Rancher Backup Operator pod's logs leak S3 tokens

Vulnerability

Overview

The Rancher Backup Operator, used for backing up and restoring Rancher on Kubernetes clusters, contains a vulnerability that causes S3 credentials (accessKey and secretKey) to be written into the operator pod's logs. The S3 accessKey is logged even with default settings (trace: false, debug: false), while the secretKey appears when trace or debug is enabled [3]. This leakage stems from insufficient redaction of sensitive information in log output.

Exploitation

Prerequisites

No special privileges are needed beyond access to the rancher-backup-operator pod logs. An attacker with read access to the cluster logs (e.g., through kubectl logs, log aggregation systems, or compromised monitoring tools) can retrieve the exposed credentials. The attack surface is broadened if logs are exported to external storage [3].

Impact

Successful exploitation allows an attacker to obtain valid S3 accessKey and secretKey tokens.
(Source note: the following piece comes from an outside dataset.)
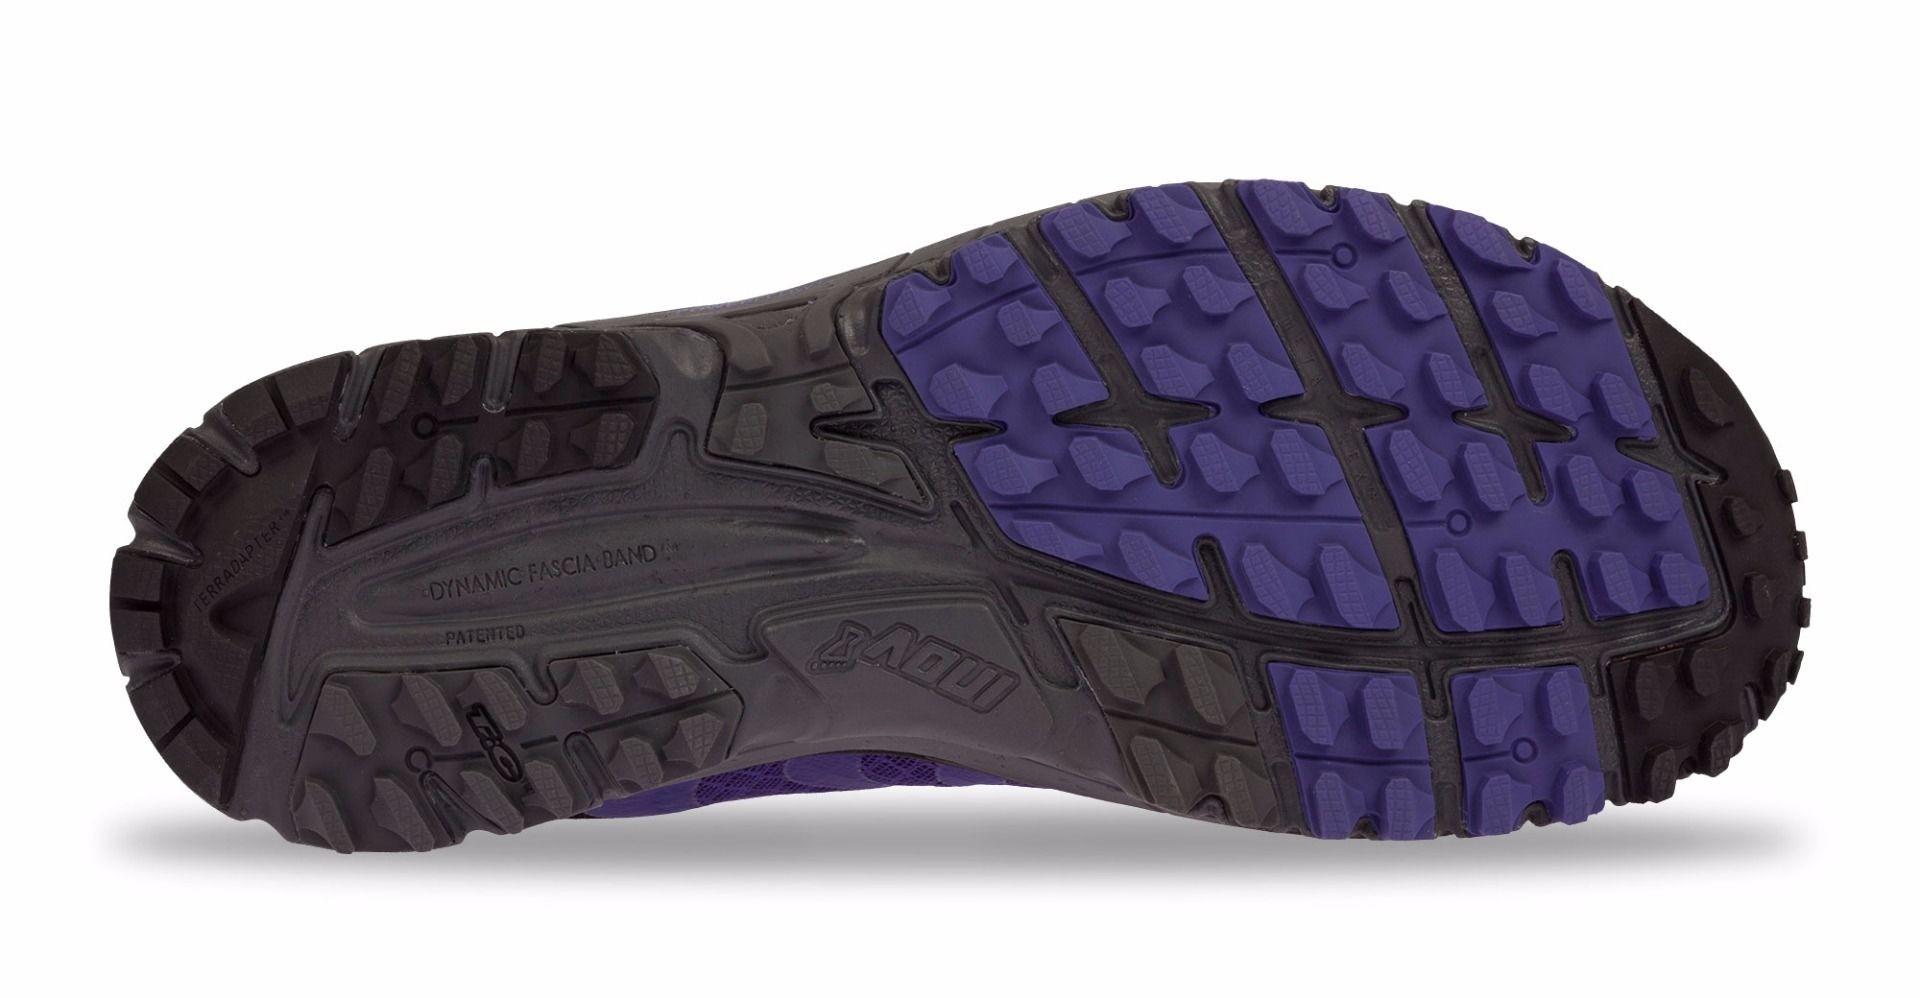 parkclaw-275-w-purple-black-sole-update_1.jpg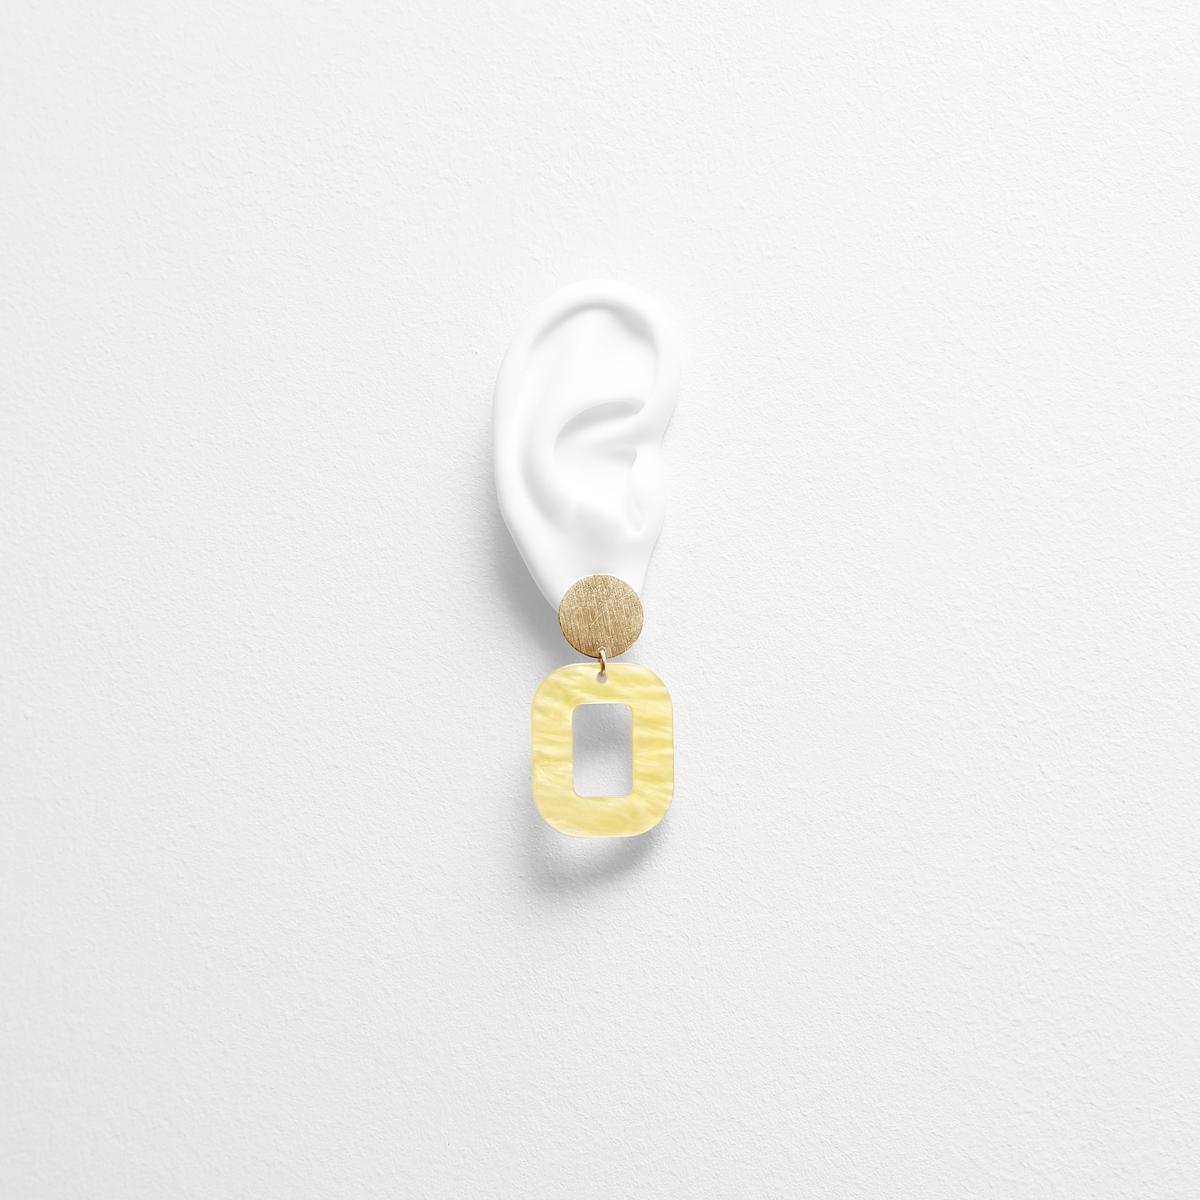 pastel-yellow-baby-rosa-earrings-try-on-FG.jpg

With these credentials, an attacker could access the S3 bucket used for Rancher backups, potentially reading, modifying, or deleting backup data. This could lead to data breach, backup tampering, or disruption of disaster recovery capabilities [1][3].

Mitigation

Patched versions (108.0.1+up9.0.1, 107.1.2+up8.1.2, 106.0.6+up7.0.5, 105.0.6+up6.0.3) apply redaction to prevent credential leakage [3]. Users should upgrade immediately and rotate affected S3 tokens. For environments that cannot upgrade, setting both debug and trace to false reduces exposure, but does not eliminate the accessKey leak [3].